Маленькая девочка несмело улыбнулась и спросила:
– Мамочка, а кто это?
Но Нимфадора не успела ответить, потому что на этот вопрос ответила ее мама:
– Я твоя бабушка, милая.
И Тонкс поняла, что ее мама приняла малышку. Приняла так, как только умела – всей душой и всем сердцем.
– А что такое «бабушка»? – спросила девочка, и Андромеда воочию увидела картины из Омута.
– Это мамина мама, – улыбнулась Нимфадора.
– Нимфа, – начала Андромеда, привычно ожидая «не называй меня», но этого не последовало, поэтому женщина запнулась. – Собери малышку, тебя с ней отпустили на недельку домой. Нужно ее в Мунго свозить и одеть еще, у нее же нет почти ничего, старая кошка в очередной раз «не подумала».
– Да, мамочка, – сказала заулыбавшаяся младшая Тонкс и принялась объяснять испугавшейся было Гарриэт. – Мы сейчас перенесемся туда, где мы будем жить, когда в школу не надо.
– С мамой? – спросила успокаивающаяся девочка.
– С мамой, – улыбнулась Андромеда.
– С мамой ничего не страшно, – сказала малышка.
Комментарий к С мамой ничего не страшно
* Тем, кто задается вопросом, что за Джон такой, что ему САМ Дамблдор что-то показывает, поясняем: Мэйджор. Премьер-министр Великобритании в указанный период времени.
========== Главное слово в нашей судьбе ==========
Гиппократ Сметвик смотрел на маленькую девочку, прячущуюся за девушку с символикой барсуков на мантии. Девочка была очень маленькой, какой-то робкой и пугливой. Гиппократ видел таких детей в своей жизни, однако даже не представлял себе, что ему предстоит узнать. Но для начала надо было наладить контакт с боящимся его ребенком.
– Мисс Тонкс, пожалуйста, разденьте вашу сестру…
– Это моя мама, – подала голос маленькая девочка.
Гиппократ замер. По возрасту девушка никак не могла быть мамой, значит… Значит, надо быть вдвойне осторожным.
– Возьмите ребенка на руки, и я посмотрю ее из ваших рук, пока не раздевайте.
Нимфа, уже приготовившаяся гасить истерику ребенка, с уважением посмотрела на целителя и усадила девочку, сразу же судорожно в нее вцепившуюся, будто утопающий в спасательный круг, себе на колени. Целитель медленно подошел и сел так, чтобы его глаза были на одном уровне с глазами ребенка.

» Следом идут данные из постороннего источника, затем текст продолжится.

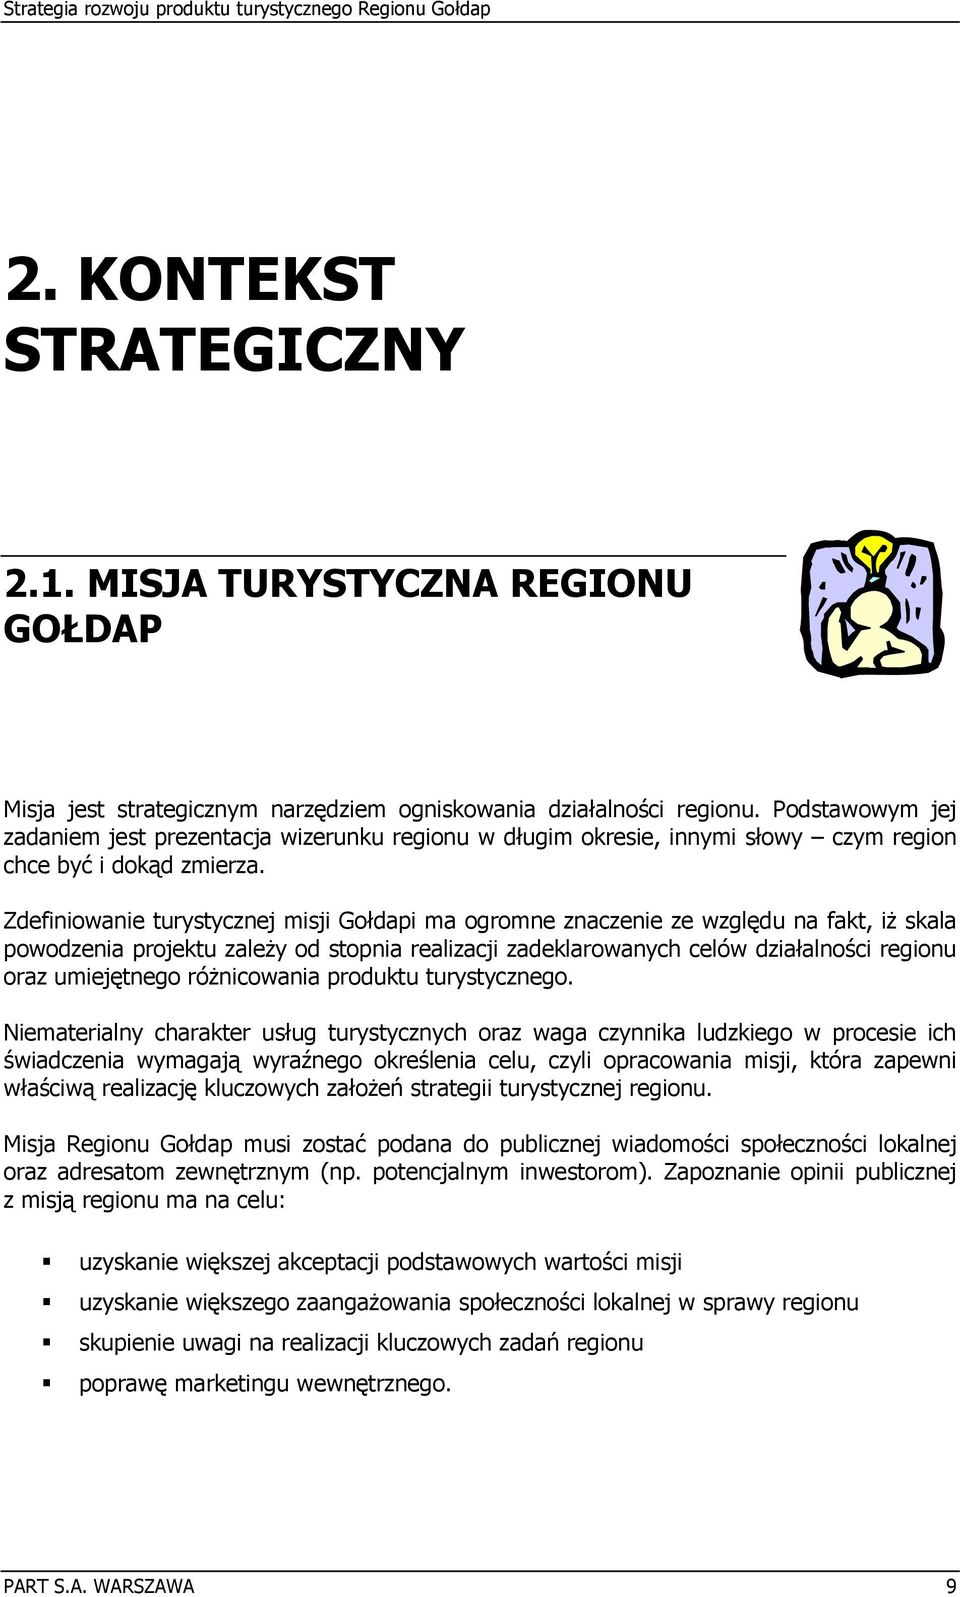 Zdefiniowanie turystycznej misji Gołdapi ma ogromne znaczenie ze względu na fakt, iż skala powodzenia projektu zależy od stopnia realizacji zadeklarowanych celów działalności regionu oraz umiejętnego
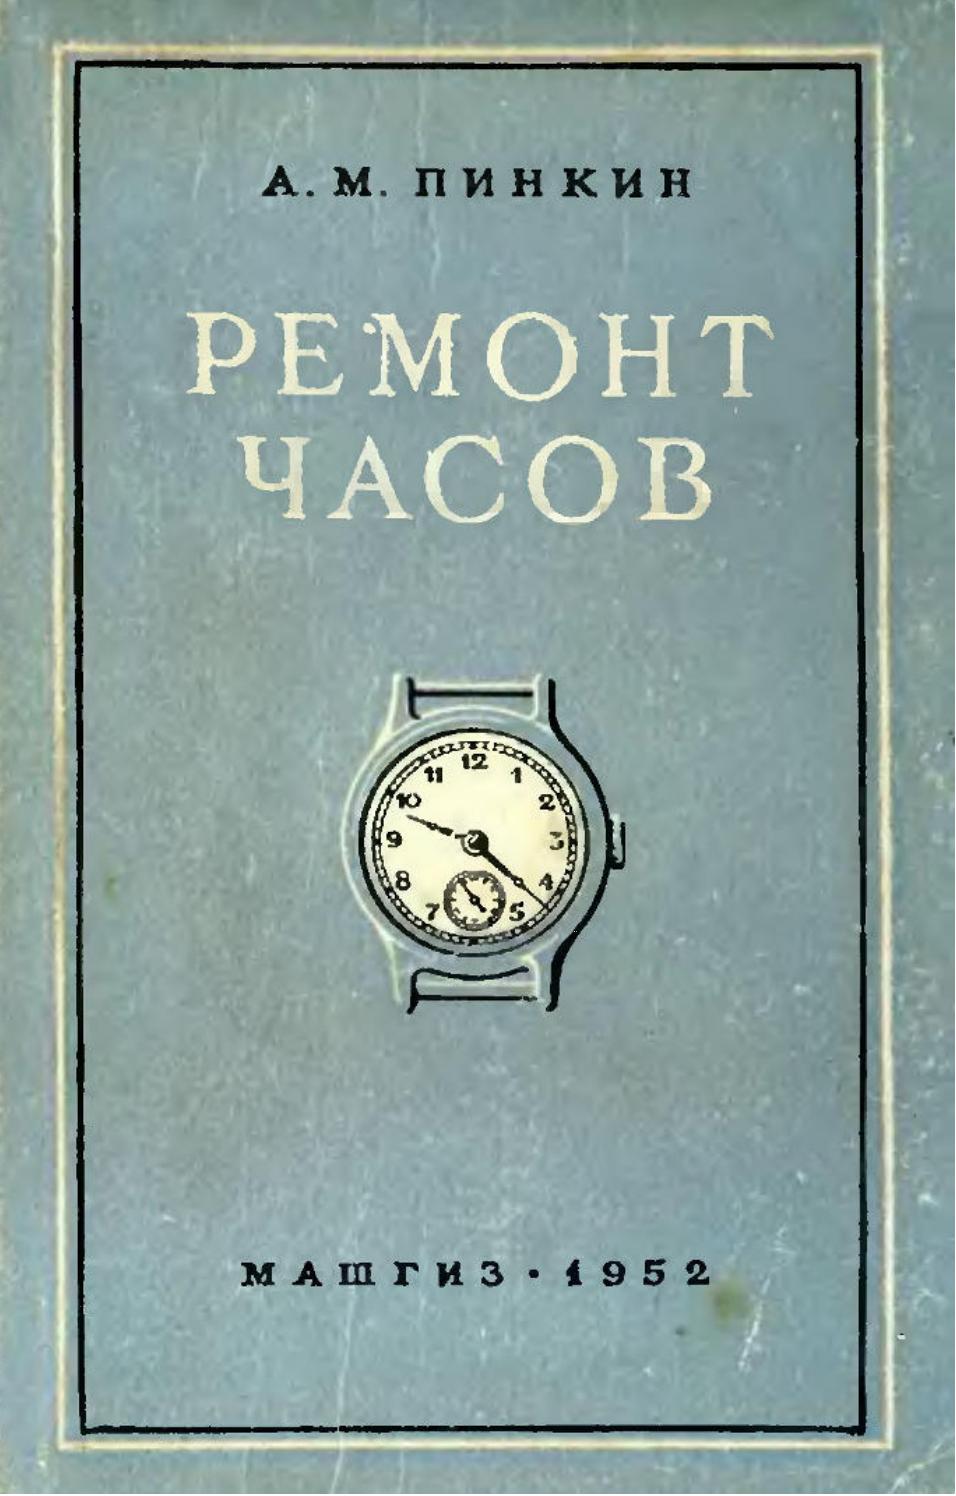 Ремонт часов-1952 ссср

– Не бойся меня, малышка. Тут твоя мама, она рядом, да? Давай я тебя посмотрю, можно?
Девочка кивнула. Целитель наложил полную диагностику на ребенка и схватился за сердце, когда пришел отклик. Этого просто не могло быть. Не иначе, как чудом выживший ребенок, будто сошедший с гравюр времен Инквизиции, сидел перед ним, глядя, казалось, прямо в душу.
– Дядя хороший, – заключила маленькая девочка. – Я не буду бояться.
– Давайте попробуем раздеться. Если будет страшно или больно, сразу скажи, хорошо?
– Да, дядя, – кивнула девочка и принялась расстегивать платье.
Нимфадора помогла девочке снять платье и мягкое шелковое белье, представляя глазам целителя весь тот ужас, который уже пережила его коллега в школе, да и сама мисс Тонкс вместе со всем факультетом. Целитель лишь улыбнулся, легко-легко касаясь пальцами кожи маленькой девочки.
– Как тебя зовут?
– Ур… ой… Гарриэт, – смущенно ответила девочка, не стесняющаяся своей наготы, что уже очень многое сказало старому целителю.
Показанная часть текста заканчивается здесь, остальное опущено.